Digital marketing has become critical in China’s increasingly competitive movie market, but it’s a battle in which local films currently hold an advantage.
Drive around Beijing in the run-up to one of the year’s biggest holiday periods, the week-long National Day holiday in early October, and it is difficult to believe China is the world’s second-largest movie market.
Film posters do not dominate billboards and the subway as they do in New York, London and other major metropolises. Turn on the TV and there are a few lone ads for The Lone Ranger, but nothing like the level of advertising seen during major holiday periods in the West.
Seven Chinese and three foreign movies opened over National Day but the only physical marketing evidence was on a few bus shelters. This was not due to restrictions on film marketing in China, although some do exist, but has more to do with the way the Chinese film market is evolving. In a short space of time, China has developed a vast digital eco-system with 600 million internet users and 460 million smartphone users, so most of the people you want to sell movies to are living online.

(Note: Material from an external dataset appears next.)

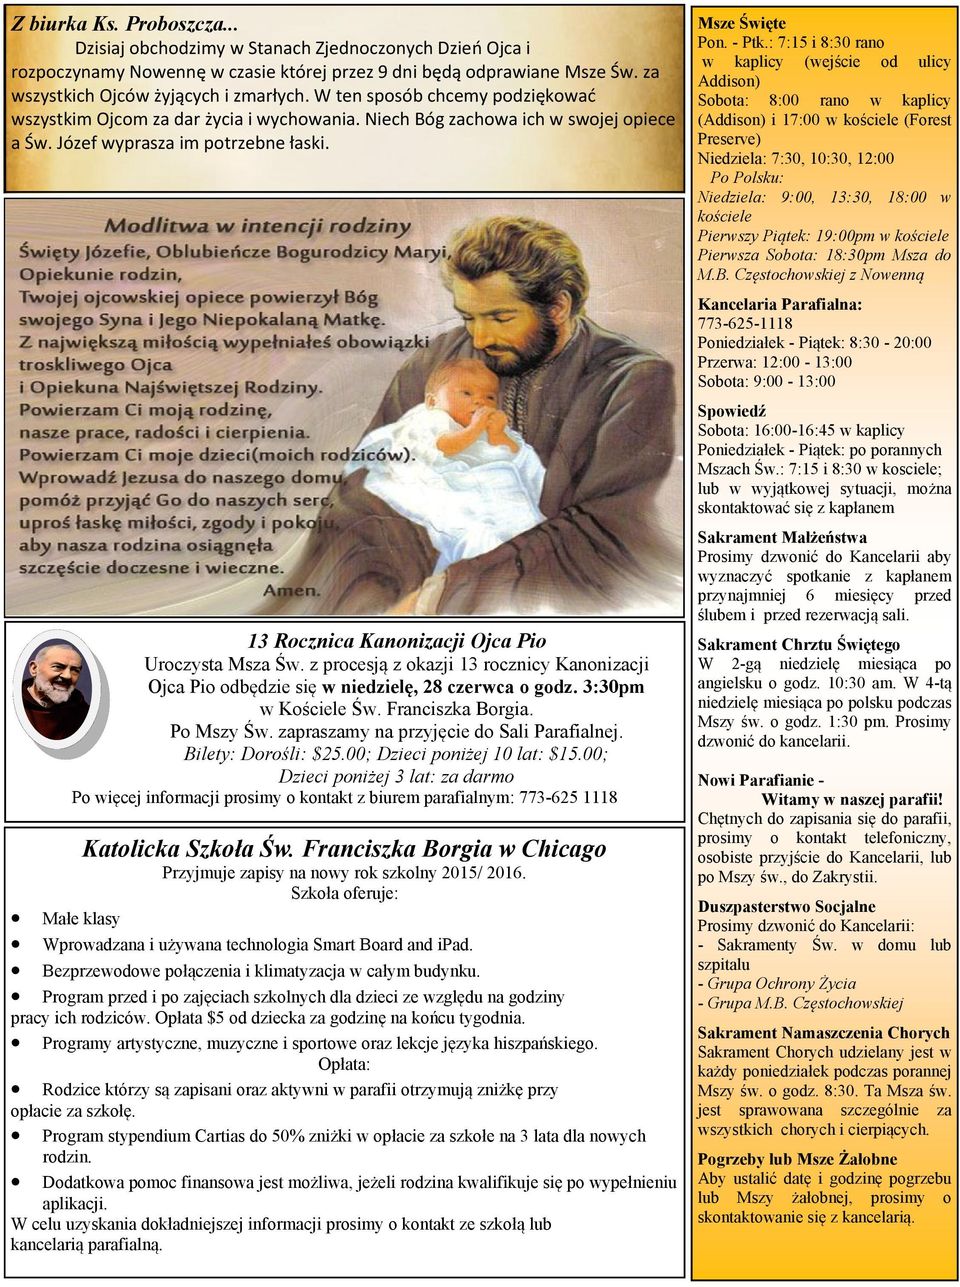 13 Rocznica Kanonizacji Ojca Pio Uroczysta Msza Św. z procesją z okazji 13 rocznicy Kanonizacji Ojca Pio odbędzie się w niedzielę, 28 czerwca o godz. 3:30pm w Kościele Św. Franciszka Borgia.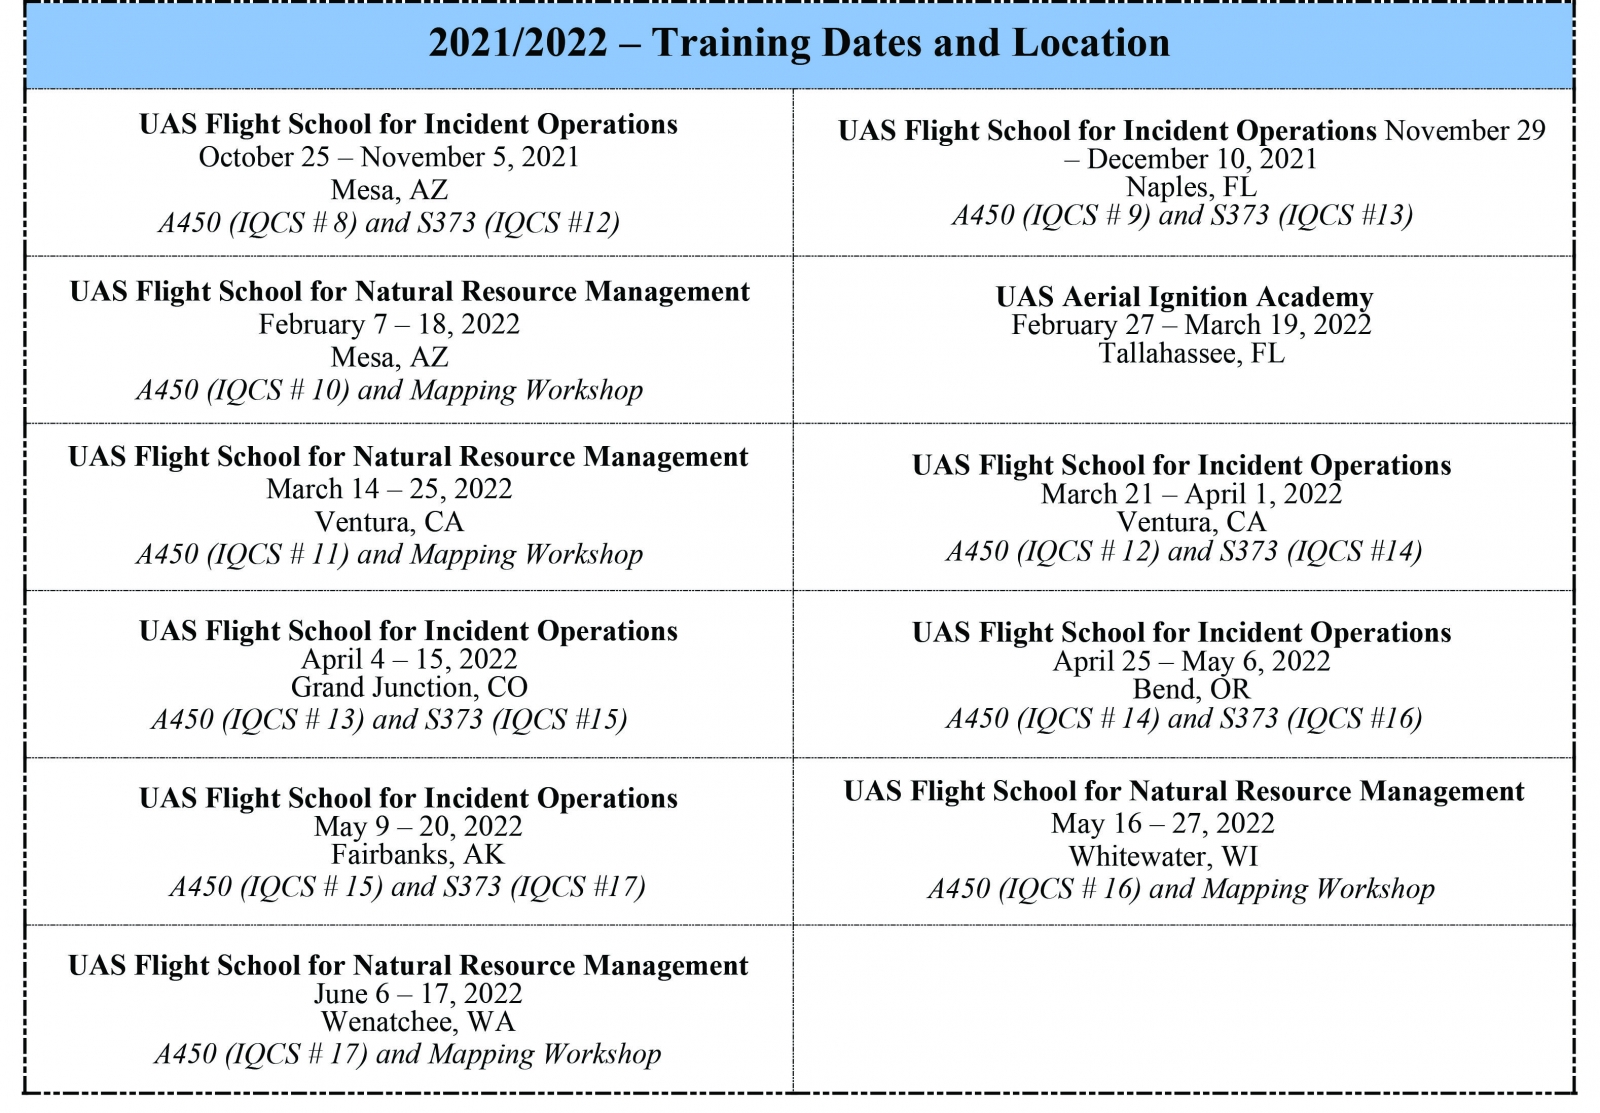 UAS Training Program 2021/2022 Schedule

Local companies employ SoLoMo (Social, Local, Mobile) marketing methods, reaching consumers through major portals such as Sina and Sohu and social media sites including Sina Weibo, WeChat and Renren. Also huge are specialist movie sites Mtime and Douban, which enable consumers to share reviews, check showtimes and buy movie tickets. Most of the ancillary market is also online at video streaming sites such as Youku, Tudou, iQiyi and LeTV.
“We have 600 million internet users, but only 60 million regular movie-goers, so to get people into theatres we need to use the internet and play up the social aspect of films,” says Zhang Zhao, CEO of Le Vision Pictures, which had a huge theatrical hit over the summer with romantic drama Tiny Times. “The majority of movie-goers in China are aged 25-35, so we use the internet to pull them in because that’s where they live.”
Direct connection
The internet may also be the only cost-effective way to reach them. Compared to the US, which has about 280 cities with populations of more than 100,000 people, China has more than 600 cities of this size. It could be expensive to reach all those urban centres unless distributors let consumers do the work for them by sharing trailers, posters and even personal experiences on their phones. In 2011, romantic comedy Love Is Not Blind became one of China’s first sleeper hits by encouraging movie-goers to share their experiences of heartbreak on social media.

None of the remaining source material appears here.